Саде, оторванный от любимой работы, затосковал, но, сильный по натуре, сумел с собой справиться. Кроме пенсии, он получил от армии в подарок домик с садом на берегу моря в Яффо и поселился в нем с женой и сыном. Этот дом стал любимым пристанищем людей искусства, художников, поэтов и, конечно, старых товарищей по оружию.
Ицхака Саде окружали люди, которые его любили. Они и водка скрашивали его внутреннее одиночество. Ему было трудно. Слишком много несправедливостей и обид выпало на его долю. Он создал Пальмах, а все лавры достались Игалу Алону. Потом Бен-Гурион сместил его с поста командующего армией. Наконец, сразу после войны, в которой он одержал самые громкие победы, с ним обошлись, как с хламом при уборке квартиры.
В молодости Ицхак Саде был прекрасно сложен, отличался остроумием и обаянием, вел богемный образ жизни, плевал на условности, пускался в загулы и обладал шармом, которому женщины не могли, да и не хотели противиться. Даже в старости у него были романы. Женат Саде был трижды.
Женя вышла за него замуж в 1912 году в России. Эта властная и гордая женщина страдала приступами тяжелой депрессии и была старше Ицхака на 15 лет. Склонная к авантюрам, она без колебаний последовала за мужем в Палестину, представлявшуюся ей страной из сказок Шехерезады.
В 1926 году, когда у Саде начался бурный роман с Захавой, Женя с разбитым сердцем вернулась в Россию, и следы ее затерялись.
Ицхак и Захава поженились. У них родились дочери: Иза и Ривка.
Захава очень страдала из-за донжуанских похождений мужа, но домашние скандалы не помешали Саде завести любовницу в Тель-Авиве.
Эта связь, длившаяся полтора года, закончилась трагически. Молодая особа до безумия влюбилась в стареющего льва. Ицхак Саде, перегруженный военными заботами, не мог делить себя между двумя семьями и прекратил роман, самые интересные страницы которого были давно прочитаны. Покинутая женщина впала в депрессию и приняла яд.
В начале 40-х годов Саде встретил Маргот. Она была моложе его на 20 лет и увлекалась музыкой, живописью и фотографией. Очарованный и покоренный Саде оставил Захаву и женился на Маргот. С нею он был уже до конца.
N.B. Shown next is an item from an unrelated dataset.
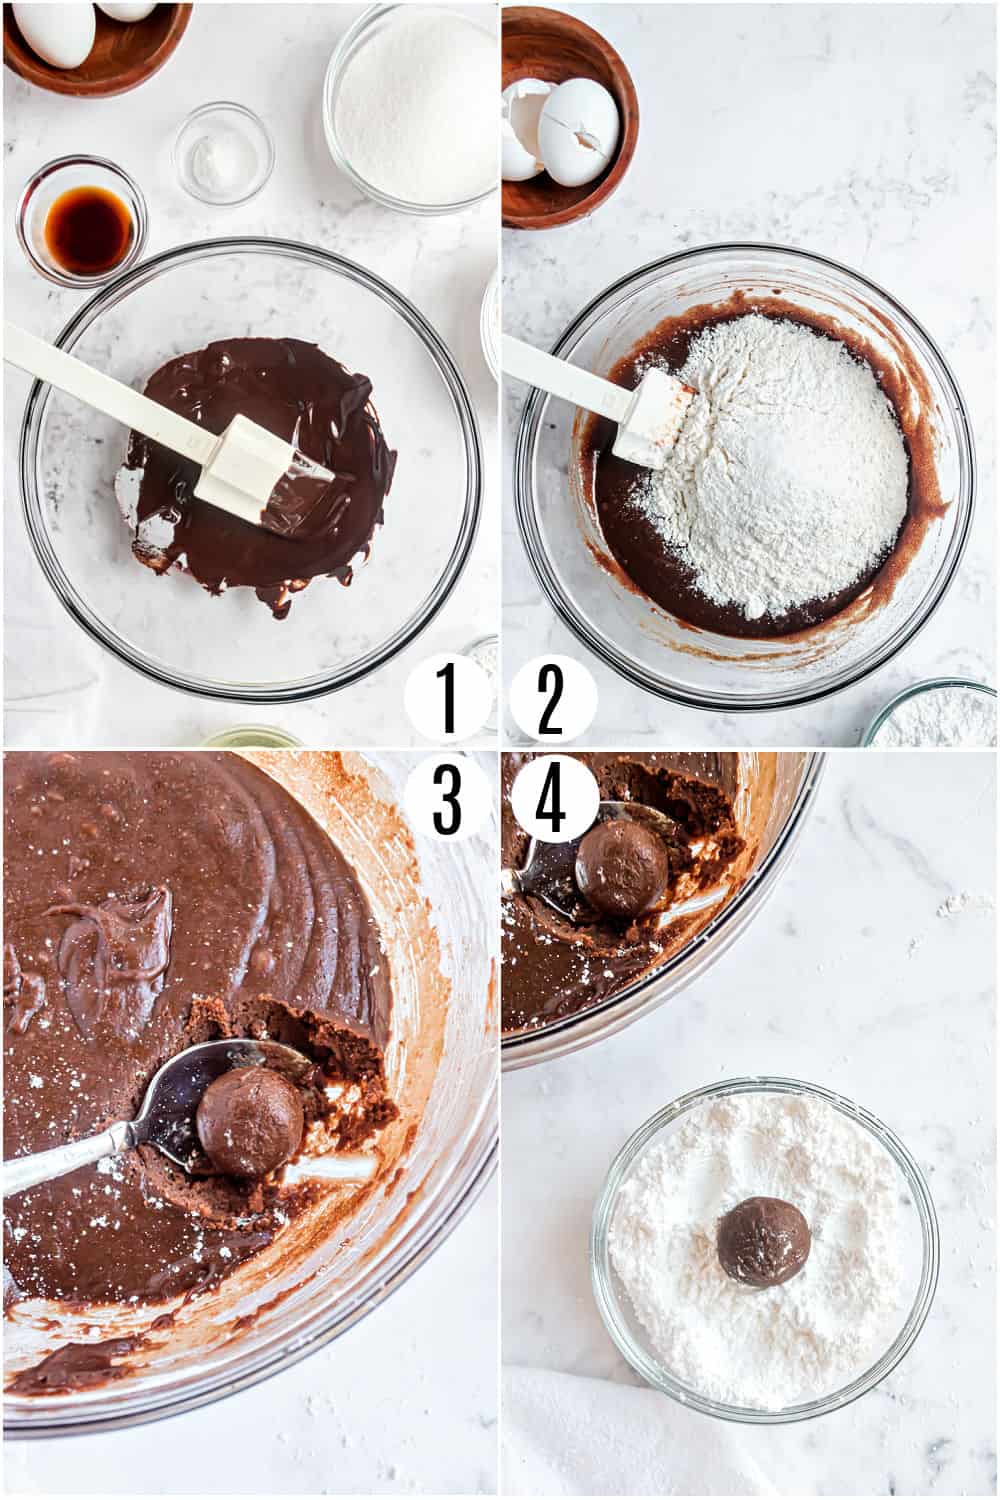 Step by step photos showing how to make chocolate crinkle cookies.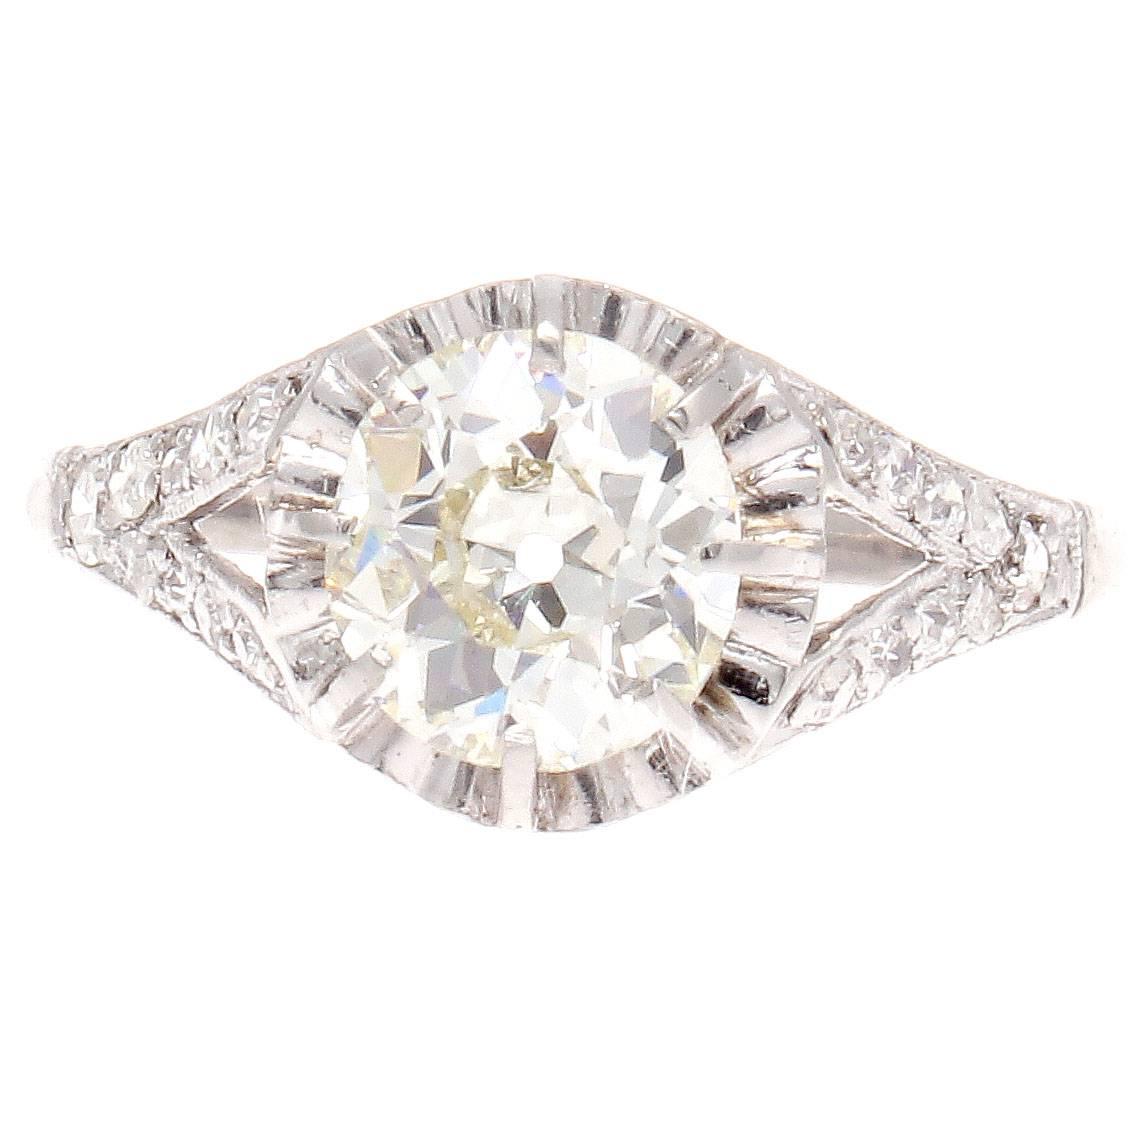 An alluring creation of true elegance capturing the art deco time/period. The center 1.18 carat diamond has been GIA certified as M color and VS1 clarity. The designer has creatively surrounded the diamond with vibrant platinum reflecting the light

Маргот умерла в 1951 году, оставив Саде одного с семилетним сыном Йорамом. Тамар, сестра Маргот, поселилась с ними и помогала растить ребенка.
20 августа 1952 года первый командующий скончался от рака. Вспоминает Иза: «Похороны отца напоминали съезд ветеранов Пальмаха. Собравшиеся запели свой старый гимн. Бен-Гурион, воспринявший это, как политическую демонстрацию, направленную лично против него, резко отвернулся от открытой могилы и ушел. Все генералы последовали за ним. На месте остался лишь Моше Даян».